011 Fine Reading of the Best Research Paper at Nips 2017 Part Two Ksd Test on How to Check the Difference Between Two Distributions

011 Fine Reading of the Best Research Paper at NIPS 2017 Part Two - KSD Test on How to Check the Difference between Two Distributions #

This week, we will analyze and discuss three best papers from NIPS 2017. On Monday, we shared an article that mainly focused on “robust optimization problems,” which means considering not only the “mean” of a loss function but also the “variance” when optimizing it.

Today, we will look at another best paper, “A Linear-Time Kernel Goodness-of-Fit Test,” which discusses how to measure whether a set of data comes from a particular distribution.

This paper is also very theoretical, and here I will try to provide a summary from a higher perspective. If you are interested in the content of the article, I highly recommend reading the original text.

Introduction to the Authors #

This article has a total of five authors, and we will provide a brief introduction here.

The first author is Wittawat Jitkrittum, who has just graduated with a Ph.D. from the Gatsby Computational Neuroscience Unit at University College London. His main research during his Ph.D. was in “Statistical Tests”, particularly focusing on how to use “Kernel Methods” to test “Distributional Features”. Jitkrittum completed his undergraduate studies in Thailand and obtained his master’s degree from the Tokyo Institute of Technology in Japan. In recent years, Jitkrittum has published multiple high-quality papers at conferences such as NIPS, ICML, and UAI, making him a rising star in the field of statistical testing.

The second author, Wenkai Xu, is a Ph.D. student at the Gatsby Computational Neuroscience Unit.

The third author, Zoltán Szabó, comes from a renowned French institution, École Polytechnique. Szabó has previously worked at the Gatsby Computational Neuroscience Unit and currently holds the position of research associate professor at École Polytechnique, where he has been involved in research on kernel methods, information theory, and statistical machine learning.

The fourth author, Kenji Fukumizu, is a professor at the Institute of Statistical Mathematics, specializing in the research of kernel methods.

The last author, Arthur Gretton, is a machine learning professor at the Gatsby Computational Neuroscience Unit, with a long-standing focus on machine learning, particularly in the area of kernel methods. His papers have been cited over 9,000 times.

Main Contributions and Core Methods of the Paper #

First, let’s take a look at the main contributions of this paper and understand what problems it solves.

In general modeling scenarios, we often propose a model for a set of data to describe the underlying processes behind the data generation. This process is usually invisible and implicit. So, after proposing a model, how do we know if it accurately describes reality? This is where we need to use statistical testing methods.

One common method is to assume that our model is P and the data generation distribution is Q. In other words, we need to verify if P is equal to Q, or in other words, if the two distributions are equal. One basic approach is to “generate” a set of samples from P and another set of samples from Q, and then use “two-sample tests” to examine if the distributions behind these two sets of data are equal.

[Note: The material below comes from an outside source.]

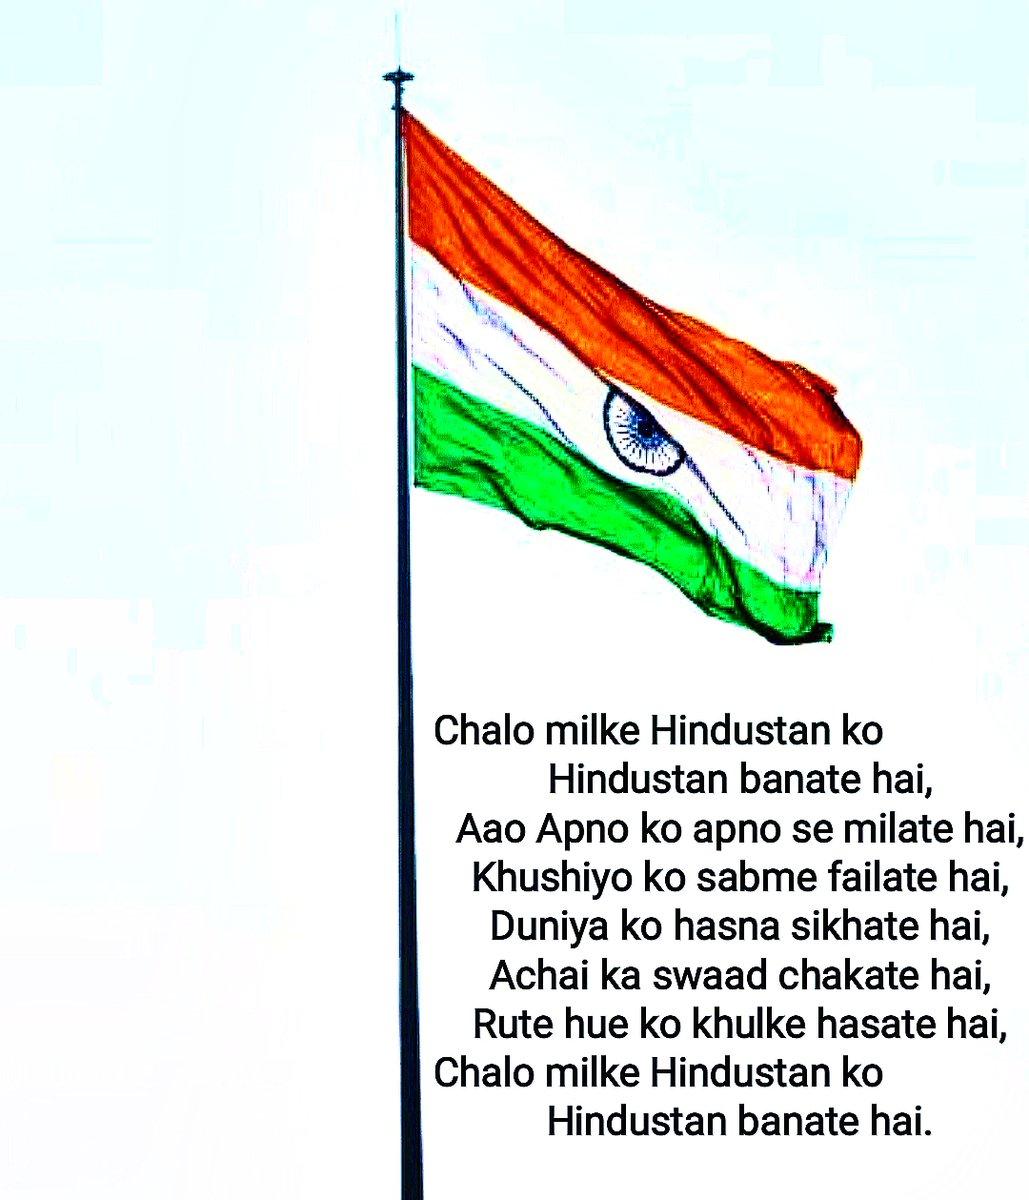 Chalo milke Hindustan ko Hindustan banate hai ❤️ Please visit my YouTube channel 🙏🙏🙏 Link in my bio🙏 #shayari #poems #Indian #India #Hindustani #Hindustan #Love #support #proudindian🇮🇳#shayar #poemislove #shayarana #meradesh #poet https://t.co/nrctKdtQp2

This idea seems flawless, but implementing it can often be challenging. The biggest operational difficulty is “generating samples from P”. For example, if P is a deep neural network model, generating samples from it is not a simple and computationally efficient process, which makes “two-sample testing” based on this approach difficult.

On the other hand, when conducting such statistical tests, it would be best to obtain a numerical value for each data point to describe the relationship between the current data point and the model, in order to provide us with a more intuitive understanding of whether the model fits the data.

Here, there is a testing method called “Maximum Mean Discrepancy” (MMD), which can achieve this effect. MMD was proposed by the last author, Arthur Gretton, and it is a method proposed at NIPS 2016 for testing whether two samples come from the same distribution. When the MMD value is large, it indicates that these two samples are more likely to come from different distributions.

Compared with the general methods for measuring the distance between two distributions, the distinctive feature of MMD is that it transforms both distributions using kernel methods into another space, called “Reproducing Kernel Hilbert Space” (RKHS). In this space, measurement becomes easier. However, unfortunately, MMD still requires obtaining samples from both distributions, which means we still need to obtain samples from P.

Therefore, the biggest contribution of this paper is using a series of techniques to make the comparison between P and Q independent of obtaining samples from P, so that the validation of the model with data only relies on a so-called “score function” of P.

In fact, in MMD, this score function already exists. It is a transformation of the samples extracted from P or Q through a function F, followed by an operation called the “kernel function” T, and finally the subtraction of the transformed results of the two samples.

In this paper, the authors propose the concept of “Kernel Stein Discrepancy” (KSD) or “KSD testing,” which essentially aims to make the term about P in these two equations equal to zero.

What does this mean? As mentioned earlier, one problem with MMD is that it still relies on P and samples from P. Assuming we can make the term depending on samples from P equal to zero, then our test would not require samples from P, bypassing the aforementioned difficulty.

The essence of KSD is making the second term of MMD zero at all times. Note that when we say “at all times,” it means KSD constructs a specific T called “Stein Operator,” in which the calculation of the second term with respect to samples from P is always zero regardless of F. The paper provides detailed proof of this. As a result, KSD does not rely on samples from P.

This paper not only explains the idea of KSD but also takes it further, attempting to transform the computation complexity of KSD, which is quadratic, into linear complexity. What does this mean? It means hoping to make the computation complexity of KSD increase linearly with the increase of data points, so that it can be applied to big data. We won’t go into detail on this aspect here.

Experimental Results of the Method #

Although the core content of this article is a theoretical result or algorithm innovation, the experiments were conducted on the “Restricted Boltzmann Machine” (RBM for short). Essentially, a simple change was made on one of the connections in the RBM while keeping the entire model the same.

If we have samples obtained from these two RBMs, it is difficult to know the difference between them. In the experiment, the traditional Maximum Mean Discrepancy (MMD) can hardly distinguish the differences between these two samples. However, both the Kernelized Stein Discrepancy (KSD) and the linear version of KSD can draw correct conclusions, and the final linear KSD performance basically increases linearly with the increase of data points, achieving a linear effect.

Finally, the authors used Chicago crime records as an illustration and used a “scoring function” to visually identify which points do not conform to the model. It should be said that for a paper with such strong theoretical content, such intuitive results are truly commendable.

Summary #

Today I have discussed another best research paper from NIPS 2017. The core idea of the paper is to propose a special operator that can measure the similarity of two distributions without relying on samples from the target distribution. This operator, such as the MMD method, can also achieve linear computation speed.

Let’s review the key points: First, I briefly introduced the author group of this paper. Second, I explained in detail the problem this paper aims to solve and its contributions. Third, I briefly introduced the experimental results of the paper.

Finally, here is a question for you to consider: Besides hypothesis testing, where else in machine learning do we often encounter the need to measure the distance between distributions?